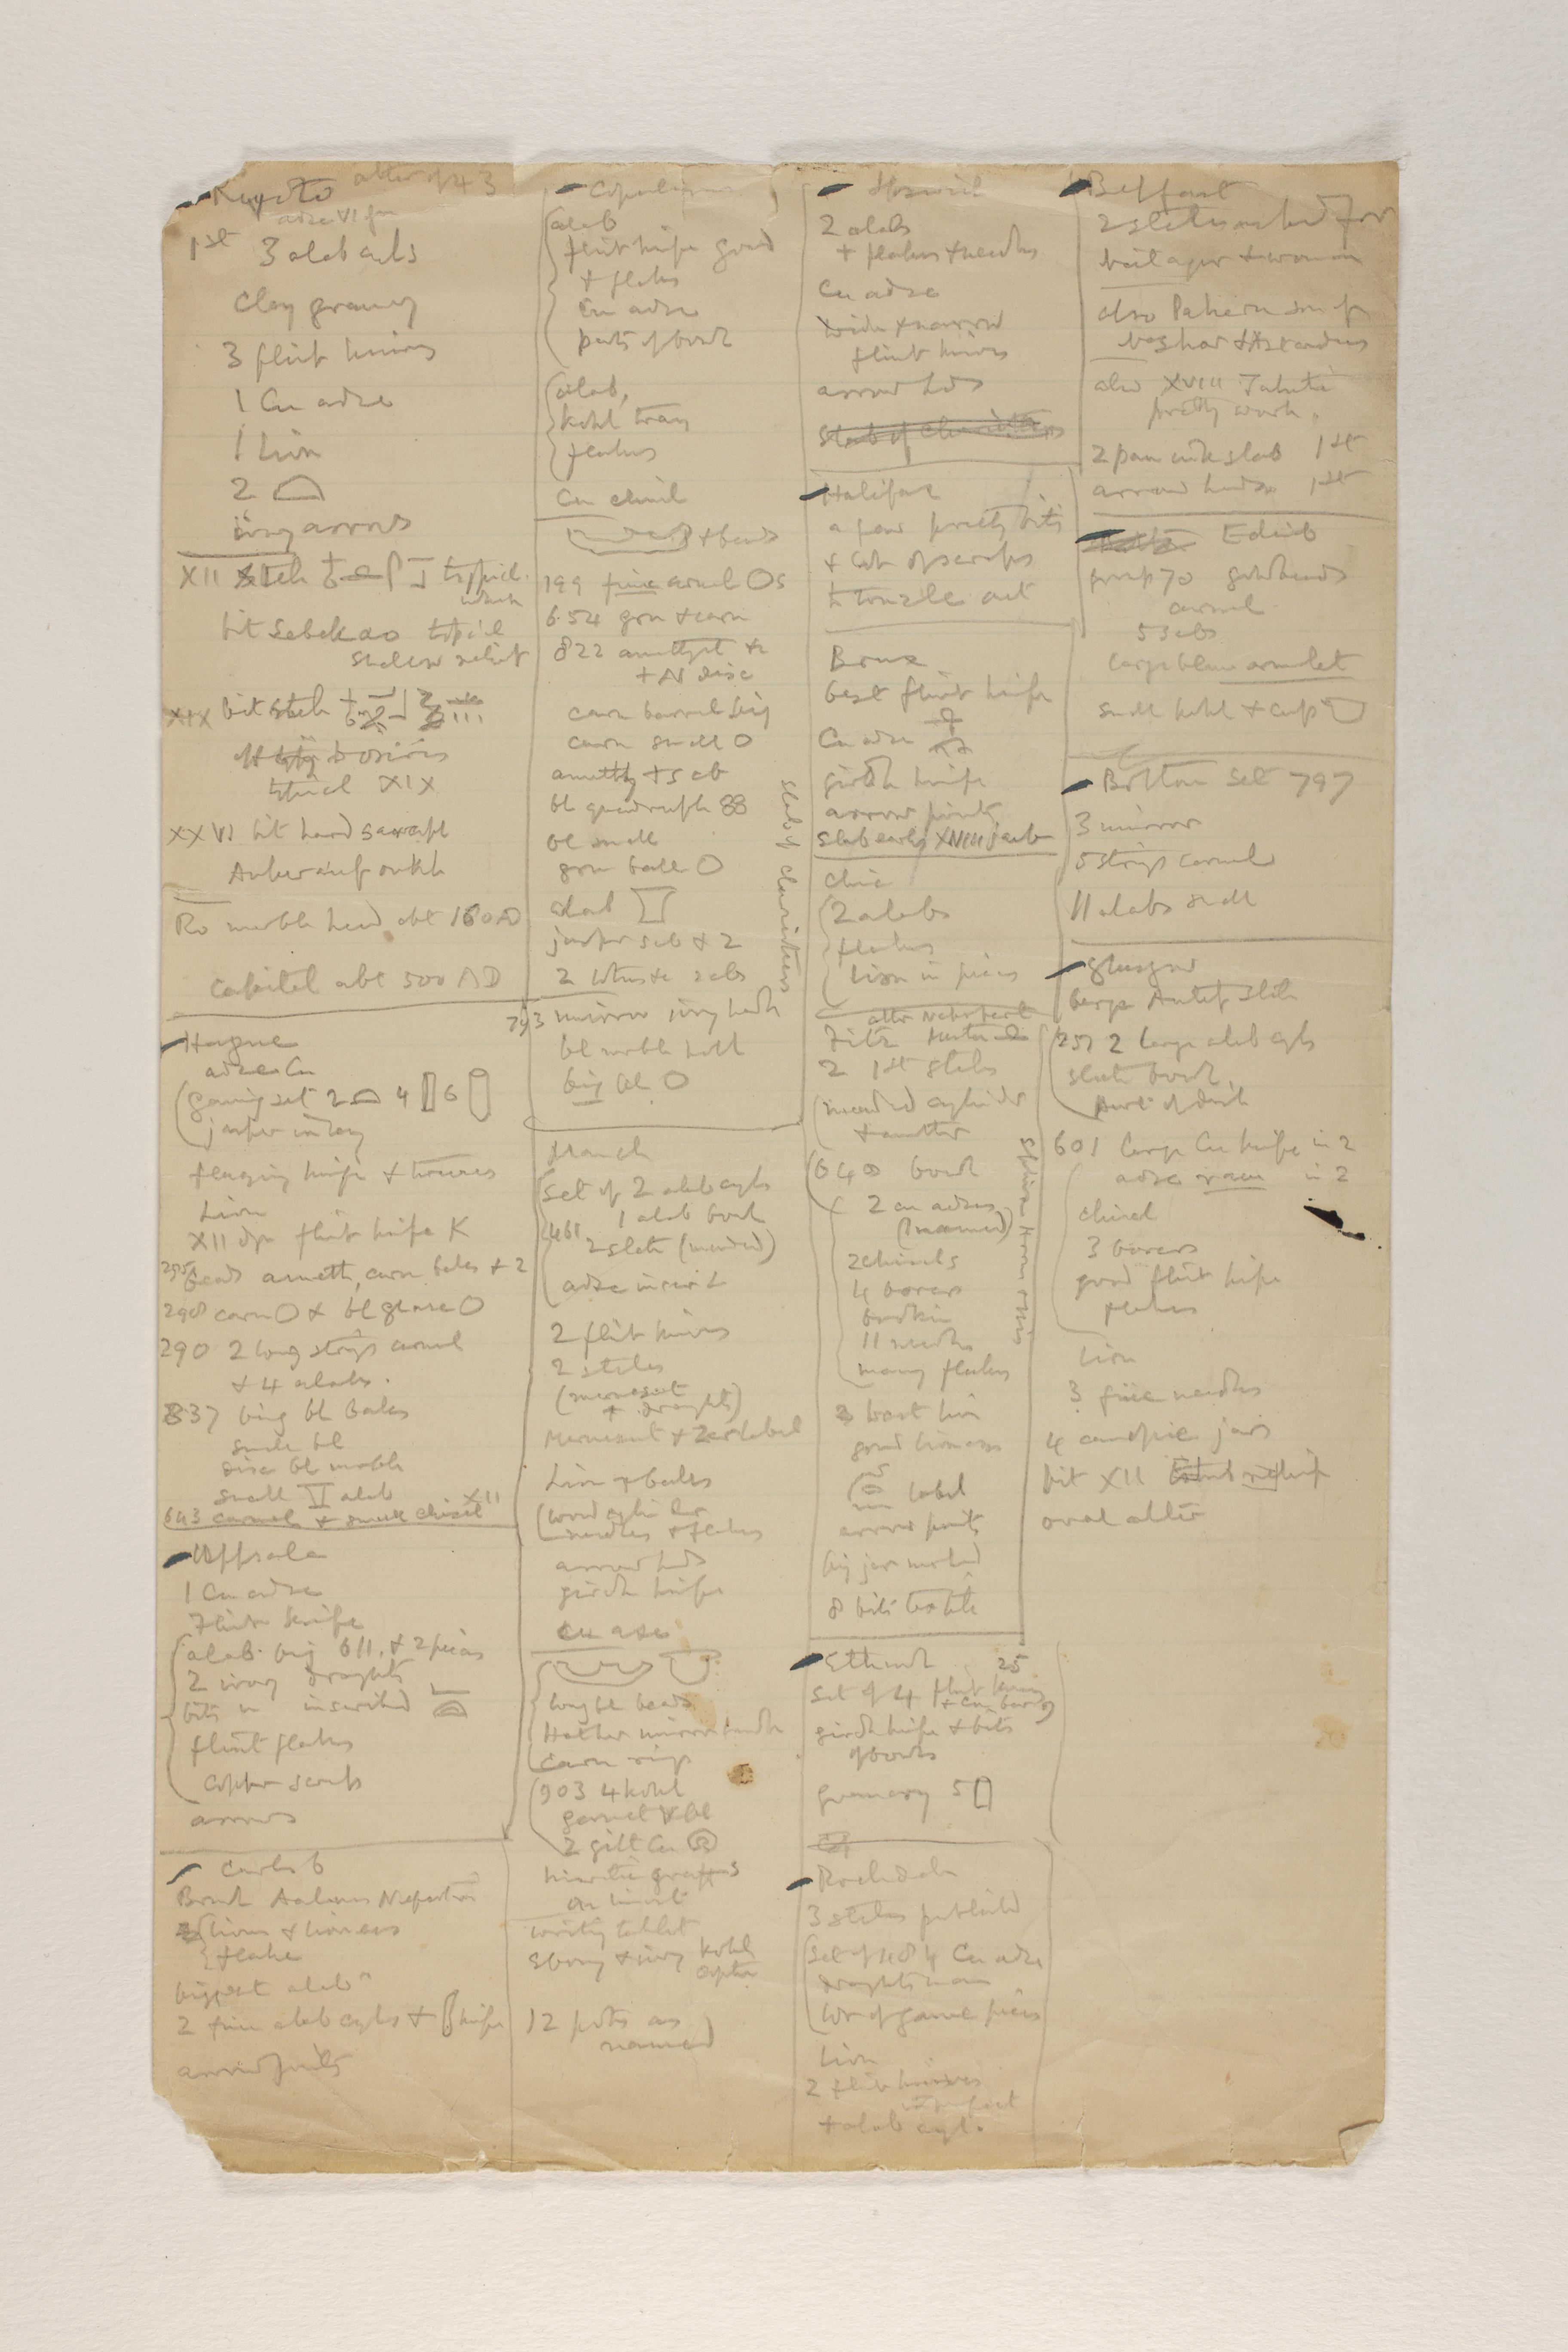 1919-21 Sedment, Lahun Multiple institution list PMA/WFP1/D/24/10.1
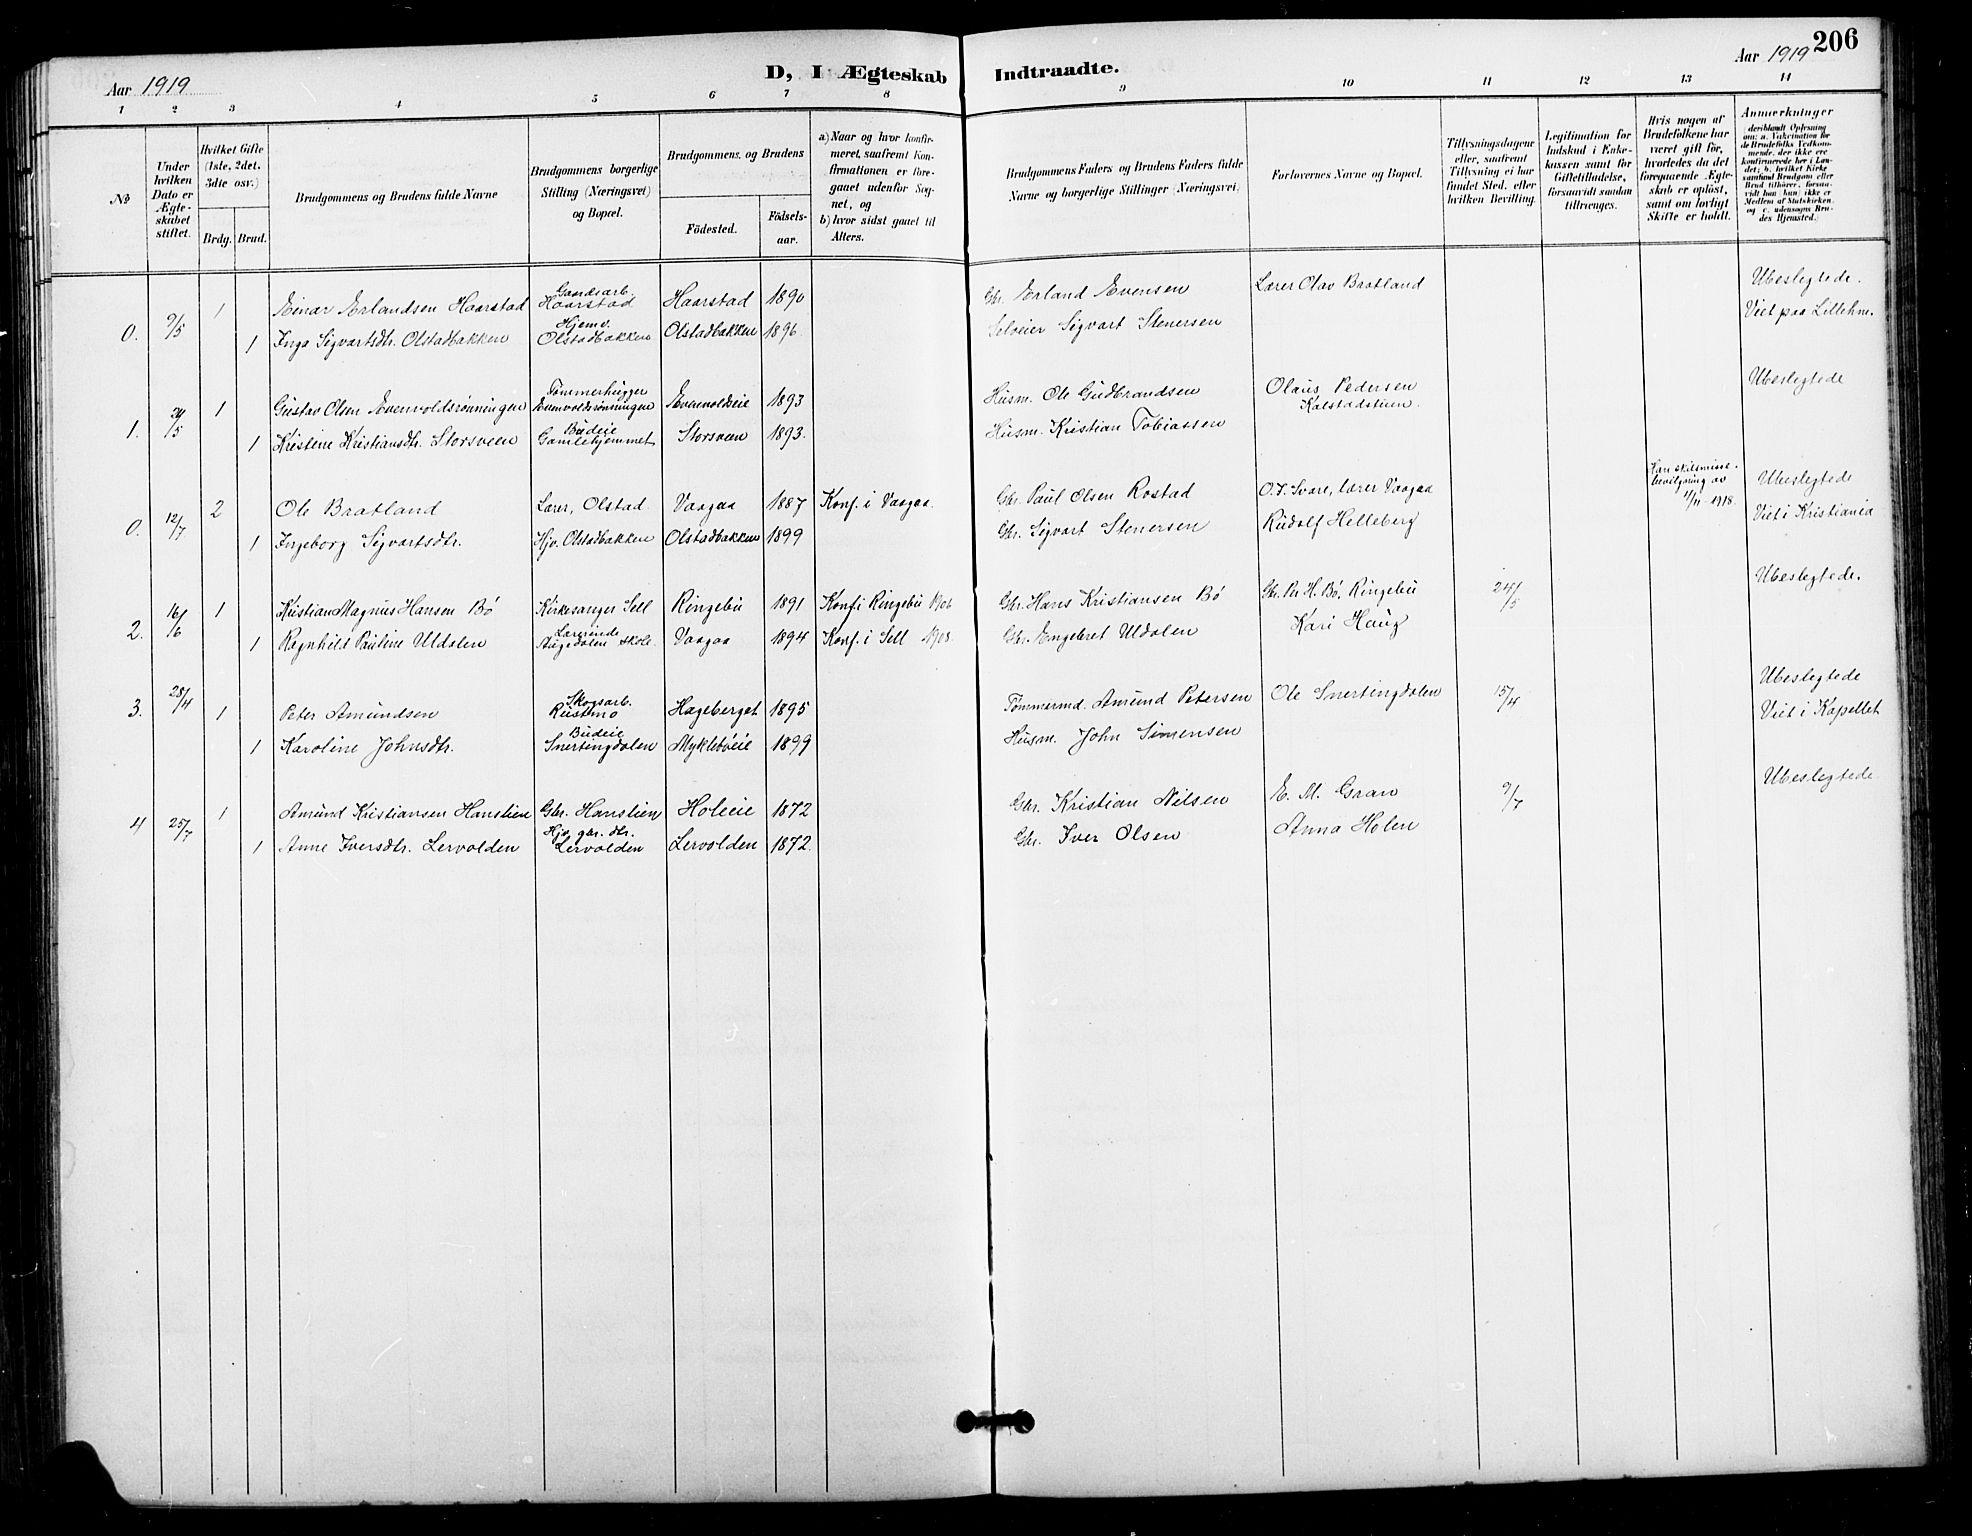 SAH, Vestre Gausdal prestekontor, Klokkerbok nr. 3, 1896-1925, s. 206
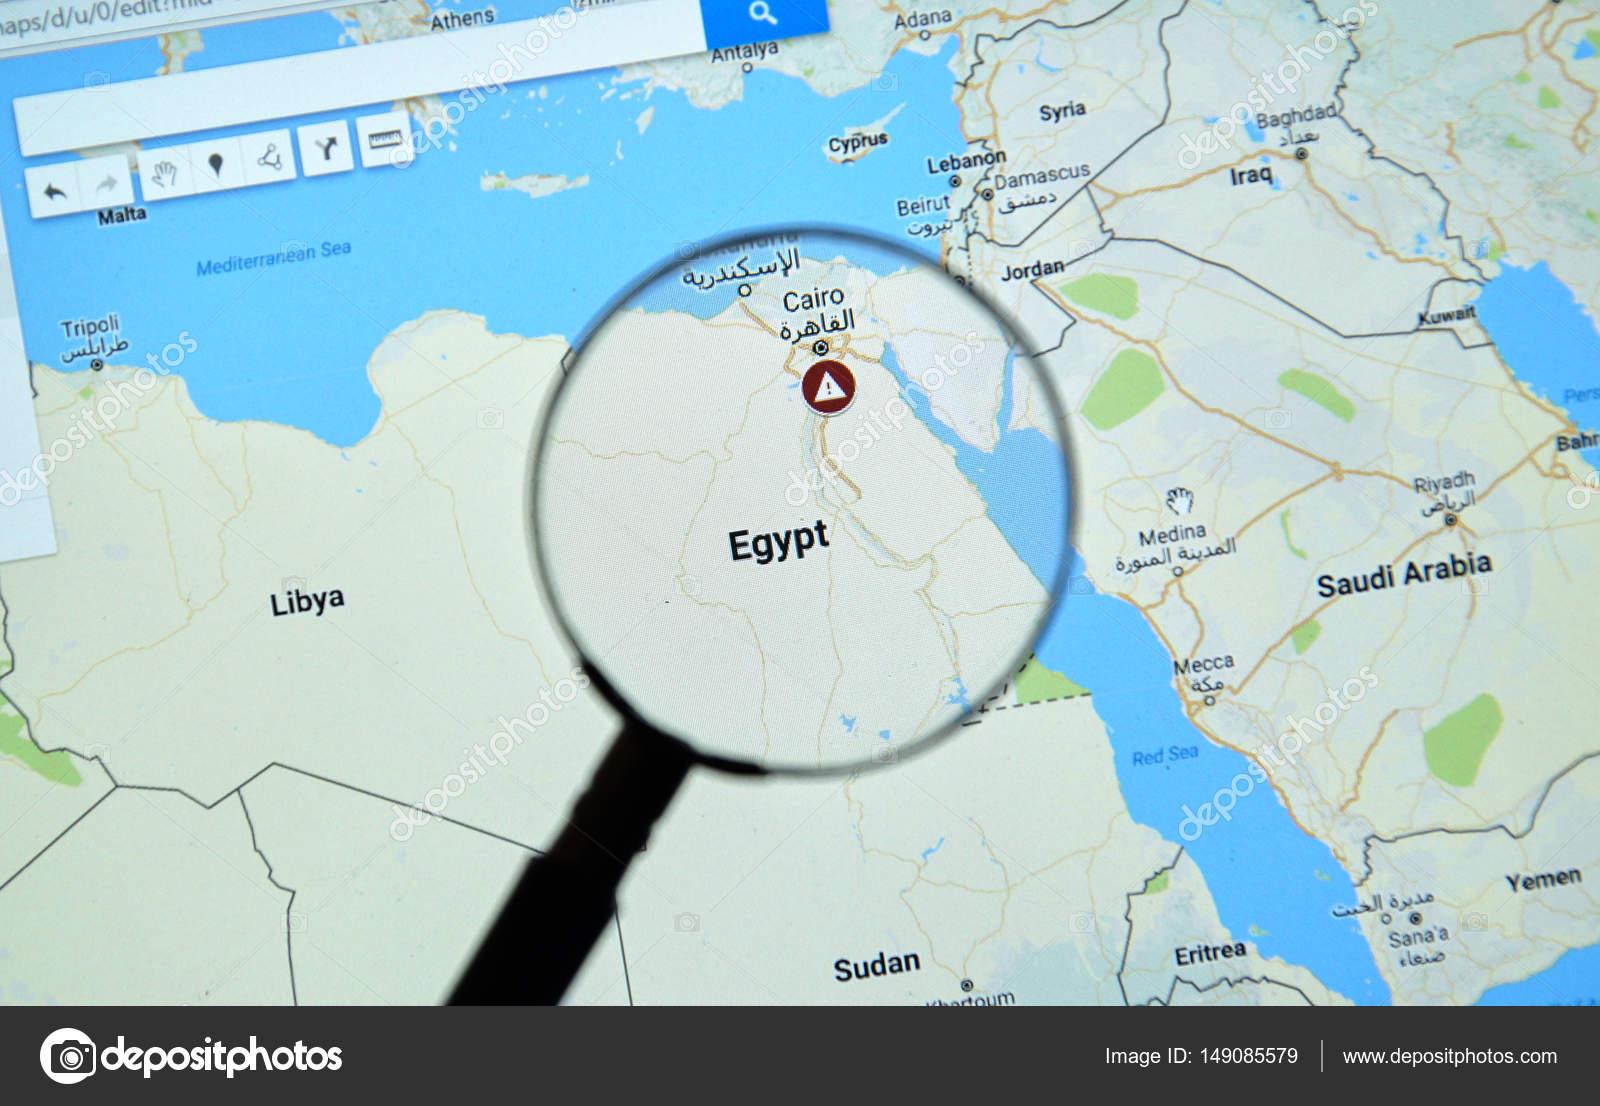 Egypt and Cairo on Google Maps – Stock Editorial Photo © dennizn ...

__About this task__:
Once you find the line with "SAH, Vestre Gausdal", restate it and every later line of the data word for word, excluding the pictures.

__Solution for this problem__:
 SAH, Vestre Gausdal prestekontor, Klokkerbok nr. 3, 1896-1925, s. 206
 Egypt and Cairo on Google Maps – Stock Editorial Photo © dennizn ...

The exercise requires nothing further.